Article 14 [Miscellaneous]
14 If the other party does not, does not timely or does not properly comply with any obligation, which is
for him from the agreement concluded with KiwiHesta B.V., as well as if the other party is declared bankrupt [including the application for bankruptcy],
or the other party applies for a suspension of payments, the following with regard to the other party
The Commission will decide whether the statutory debt rescheduling scheme should be applied provisionally or definitively,
decides whether to close down or liquidate [part] of its business, or to wind up its business, or
transfers the holding or a substantial part of it [the contribution of his holding to a company to be absorbed].
or pre-existing company], as well as if at the expense of
the other party is seized by way of execution, the other party dies, under
is placed under guardianship or administration, the latter shall be deemed to be in default by operation of law.
without any further notice of default being required.

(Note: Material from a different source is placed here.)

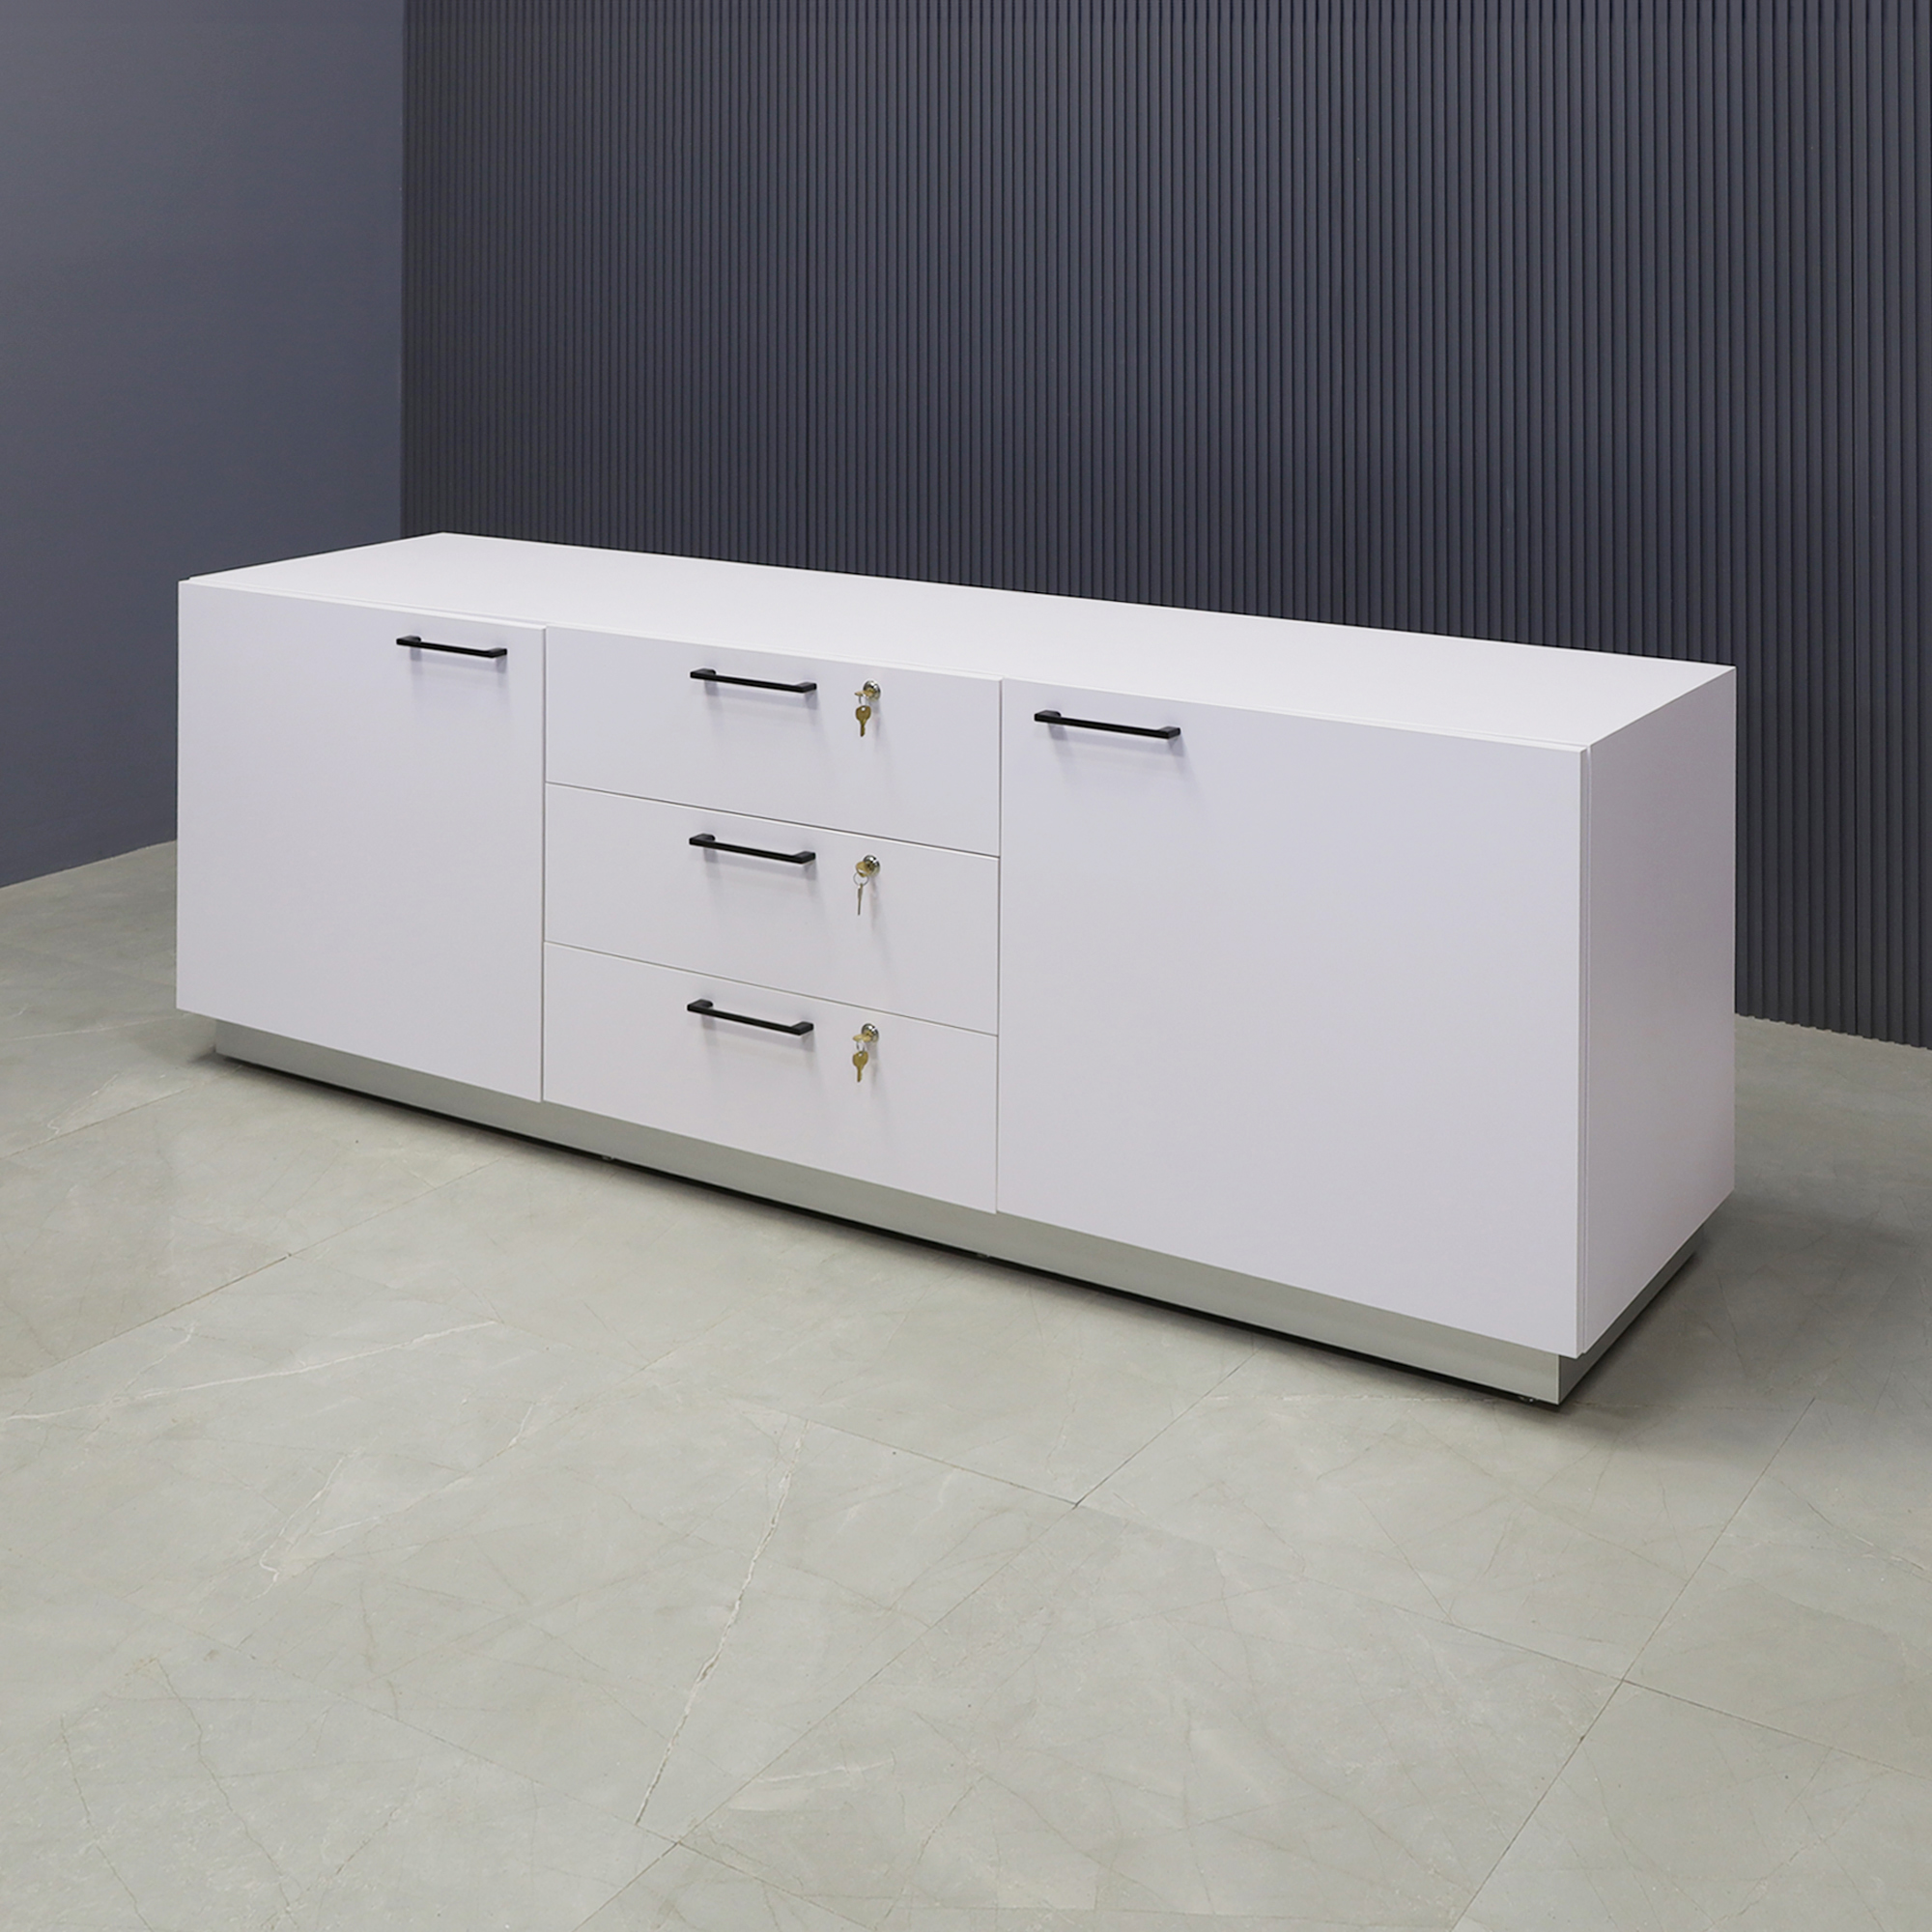 90-inch Manhattan Storage Credenza in white matte laminate credenza, front drawers & doors, with 3 locks, and brushed aluminum toe-kick, shown here.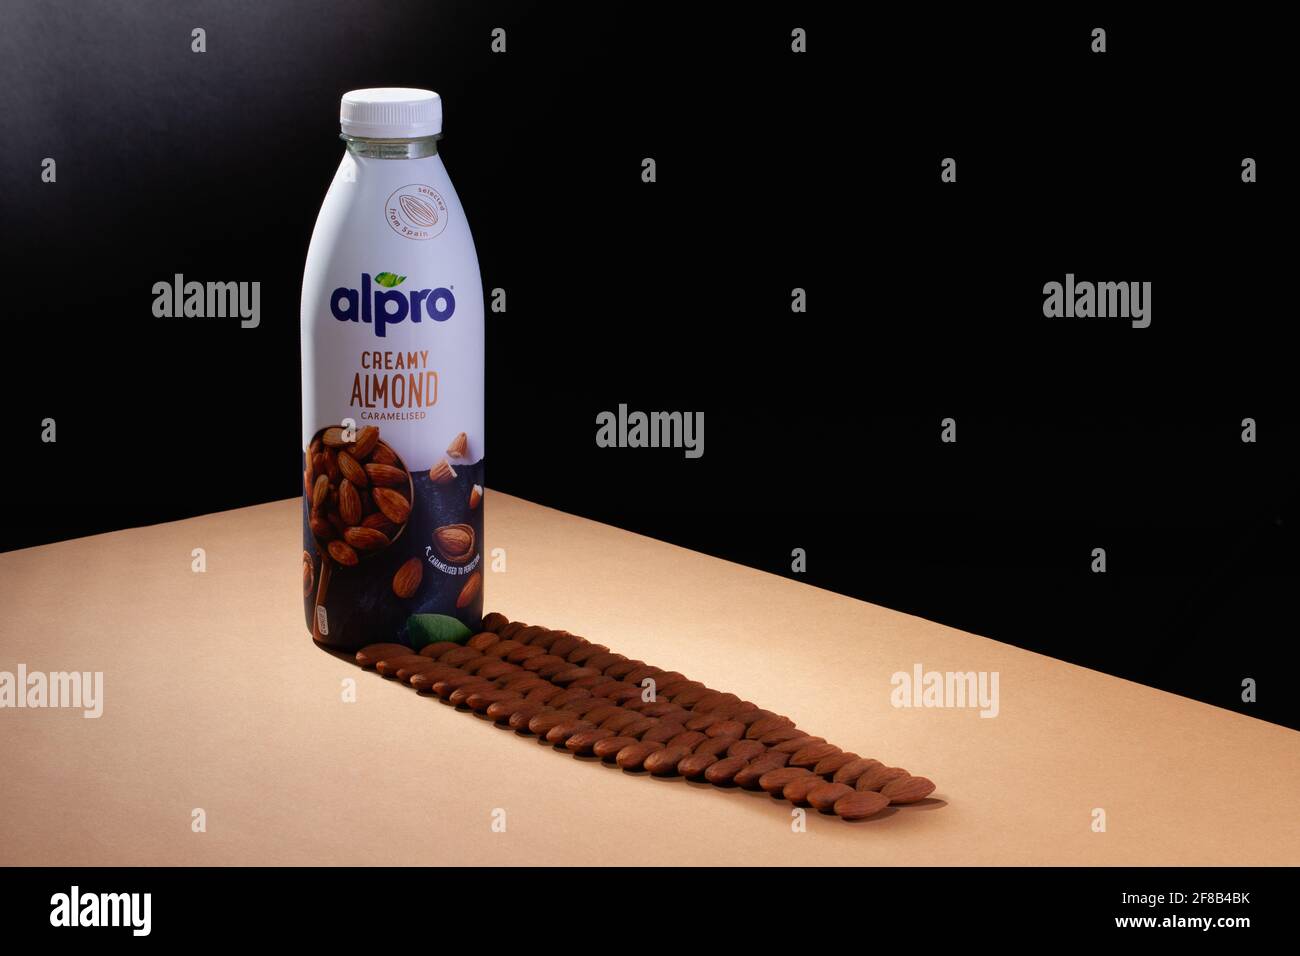 Prague,Czech Republic - 22 March,2021: Alpro almond drink and shadow of  almonds on the brown table. Alpro is a European company that markets  organic Stock Photo - Alamy

The other party shall not be entitled to any further notice of default.
is due to KiwiHesta B.V. at that time and in the future shall become immediately due and payable at once.
In that case KiwiHesta B.V. may dissolve the agreement in whole or in part without judicial intervention.
Article 15 [Applicable law and competent court]
15 All agreements concluded with KiwiHesta B.V., as well as all disputes that may arise
as a result of an agreement in which the present General Terms and Conditions are fully applicable.
of gedeeltelijk van toepassing zijn, worden beheerst door Nederlands Recht. De in de vorige
zin bedoelde geschillen zullen worden beslist door de binnen het vestigingsgebied van KiwiHesta B.V. bevoegde Nederlandse burgerlijke rechter. Deze forumkeuze laat onverlet het recht van
KiwiHesta B.V. om het geschil voor te leggen aan de volgens de normale competentieregels bevoegde burgerlijke rechter.
De toepasselijkheid van het Weens Koopverdrag wordt uitdrukkelijk uitgesloten.